E’ difficile districarsi nei meandri delle competenze e delle responsabilità, tra quelli di adesso e quelli di prima. E il risultato, come ha affermato la consigliera comunale Enza Viola, intervenuta anche come responsabile provinciale degli agricoltori italiani, è il fallimento della politica regionale, che “ha abbandonato da 30 anni la valle  del Belice, con condotte idriche colabrodo, senza che fosse mai arrivato un euro anche solo per la realizzazione di una vasca”. Che fare allora? “Rifare le tubature – ha affermato la Viola – perché nel Belice non si va solo per raccogliere voti regionali”. Ma anche per quello, occorrono i tempi burocratici.

Intanto, come ha sottolineato il consigliere di Castelvetrano, Francesco Sammartano, ci sono agricoltori che non ricevono una goccia d’acqua da sei anni e, come ha detto Francesco Marino della Consulta Agricola Spontanea, “l’annata è compromessa, con una produzione inferiore del 40% rispetto all’anno corso”.

 

E le colpe?

Secondo Safina sono del Governo nazionale, vero convitato di pietra in questa vicenda, che dovrebbe intervenire. Secondo Bica, invece, le responsabilità sarebbero anche locali, nel senso che una migliore gestione dell’idropotabile, comporterebbe indirettamente una maggiore destinazione d’acqua per l’agricoltura.

Per Turano invece non serve stabilire di chi siano le colpe. Ci sono per esempio delle pompe che non funzionano in contrada Zangara, che se avessero funzionato avrebbero garantito un 50% di irrigazione in più. Non ne ha parlato nessuno.

 

Ma che fare da qui  a marzo/aprile? – si è chiesto il sindaco di Campobello, Giuseppe Castiglione – senza polemiche inutili, quali interventi a breve termine possono essere previsti?”.

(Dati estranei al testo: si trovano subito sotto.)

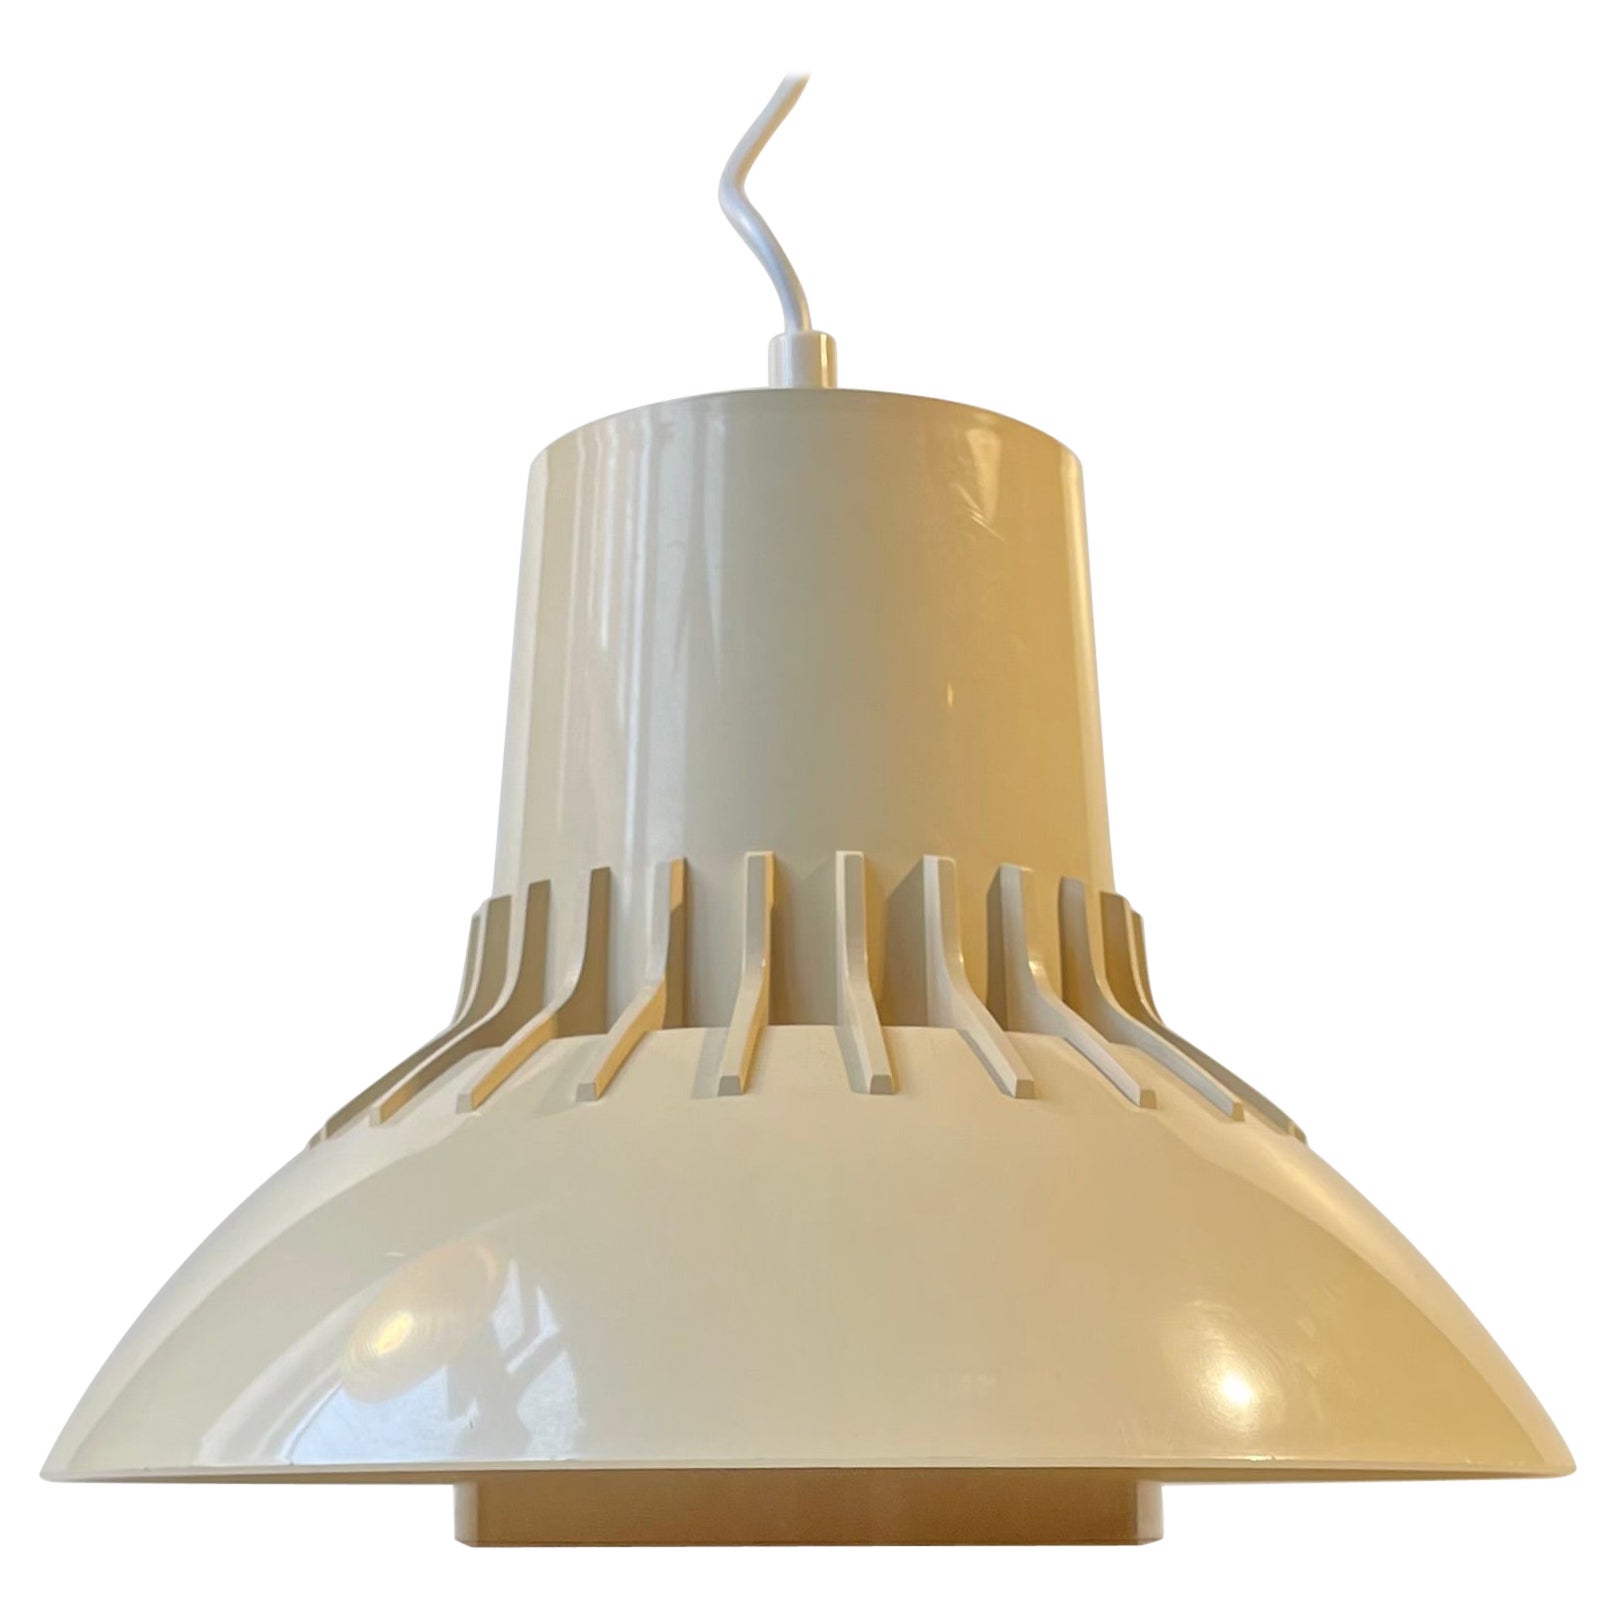 Danish Modern Svend Middelboe Ceiling Pendant Lamp in Cream Plastic, 1970s For Sale
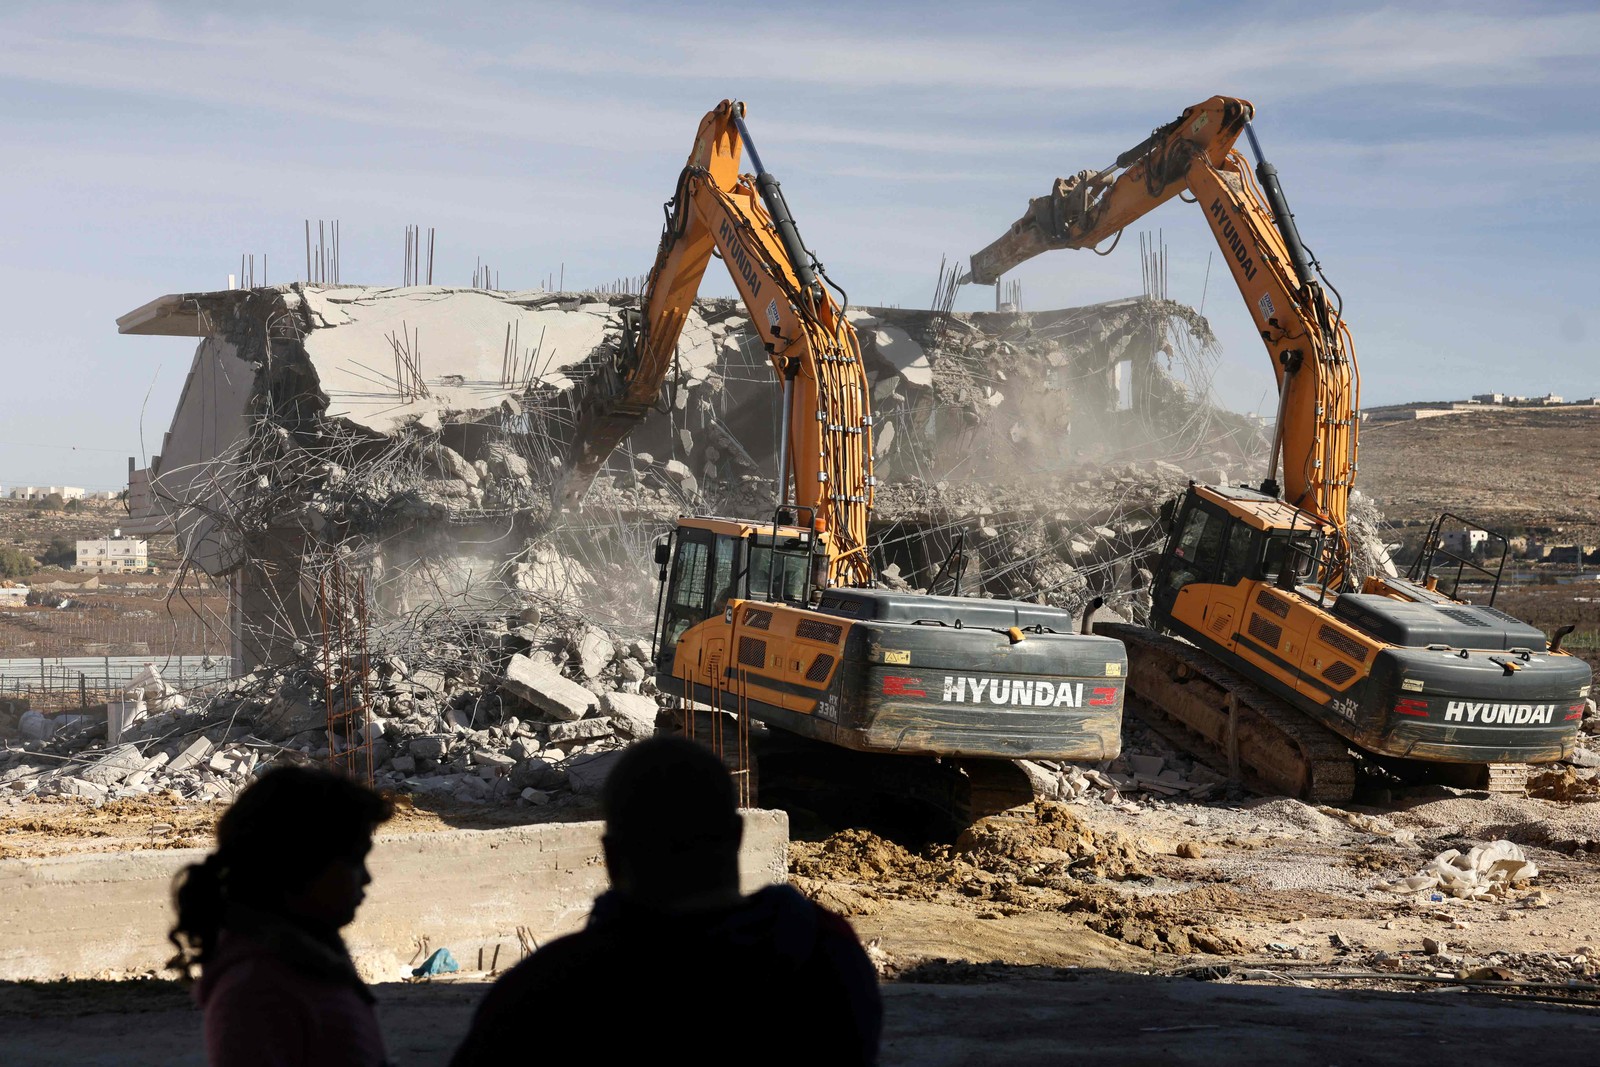 Escavadeiras israelenses demolem uma casa palestina em construção sem permissão das autoridades israelenses, na cidade ocupada de Hebron, na Cisjordânia — Foto: HAZEM BADER / AFP

Per Bica, nell’immediato, si potranno utilizzare le acque reflue del  depuratore di Castelvetrano, che sarà sostenuta dalla Regione Siciliana per tutto  il primo anno. E la riattivazione dei pozzi grazie ai finanziamenti regionali: Castelvetrano ne ha già beneficiato per un pozzo. Che sarà anche per l’idropotabile, ma comporterà più acqua per l’agricoltura.

Anche il sindaco Giovanni Lentini ha messo l’accento sull’uso irriguo delle acque reflue, specificando che l’acqua depurata proveniente dalla struttura di via Errante Vecchia “raggiungerebbe i 3 milioni e 750 mila metri cubi, contro i 2 milioni di metri cubi della diga Delia. Senza contare che tra due anni si aggiungerebbero anche i  reflui provenienti da Triscina. Mentre nel futuro occorrerebbe investire nelle nuove tecnologie, in modo da consumare meno acqua”.

Anche Turano ha fornito un suggerimento: “Occorre fare una scaletta delle cose che si possono fare a breve, medio e lungo termine. Un elenco delle criticità in un documento da consegnare al governo regionale e al governo nazionale. E ci rivediamo tra tre mesi”.